The strategy was working. They were inching closer to having the case law they needed to overturn Plessy on direct challenge. To focus their efforts, Houston helped found the NAACP Legal Defense Fund (LDF) in 1940. The fund, which operated independently but alongside its parent organization, named Thurgood Marshall its first Director-Counsel. Under Marshall’s leadership, the LDF continued to take on cases challenging segregation in education.

Houston’s work didn’t make overturning Plessy inevitable; it only made it possible. It also touched just a handful of Black lives directly. But its indirect impact would be profound.

Fighting Illiteracy

One of the shared characteristics of the Scottsboro Boys was illiteracy; very few could read and write more than their name, which said less about them and more about the poor quality of segregated education. 

Houston wanted to overturn Plessy in part to provide the advantages of education to African Americans, to give young people like the Scottsboro Boys a fighting chance in life before they faced a criminal justice system that routinely punished innocent Black people.

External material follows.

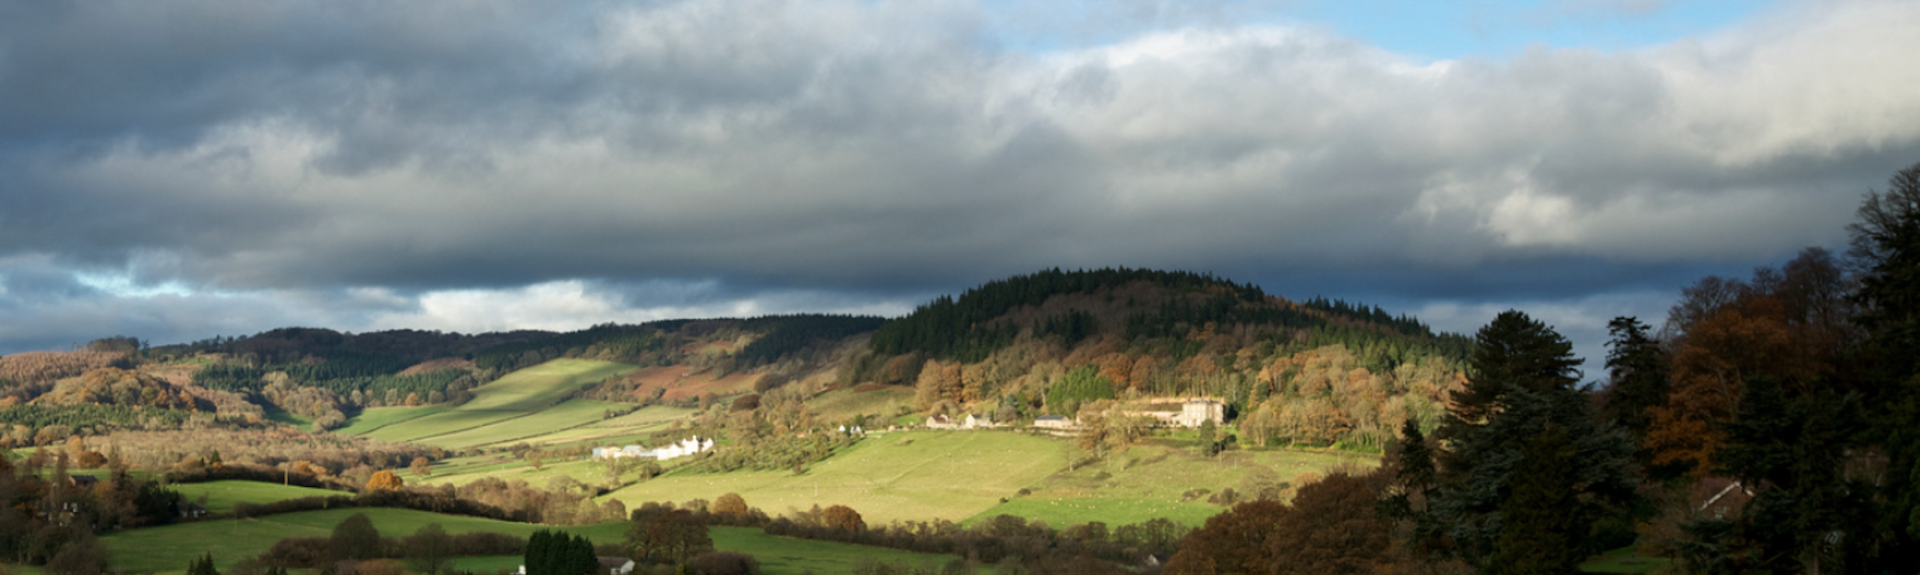 A landscape view of the Wye Valley with trees and open fields. In the foreground are some stone farm buildings  beyond which the land rises to a small hill on the horizon.

The same thinking motivated those who organized to help African Americans weather the first few years of the Great Depression. They wanted to give African Americans hit hardest by the economic collapse an opportunity not just to survive, but to thrive. Being able to work where they shopped would be a good thing. Being able to own where they shopped would be even better.

Common Questions about Charles Houston

Q: Who was Charles Houston?

An African American lawyer, Charles Houston followed through on a promise he made to himself, trying to use the law to form a move against the Separate-but-equal doctrine.

Q: What was the strategy that the NAACP would take against the separate-but-equal?

Although the NAACP refused to accept segregation in any form, any constitutionality of separate-but-equal was condemned to lose. So they would take on cases in which separate was not equal, and sought judgments that required equalization, and this actually worked.

Q: Why did Charles Houston want to overturn Plessy v. Ferguson?

Charles Houston partly aimed to provide the advantages of education to Black people, to give them a fighting chance in life before they faced the US justice system that routinely punished African Americans, even if they were innocent.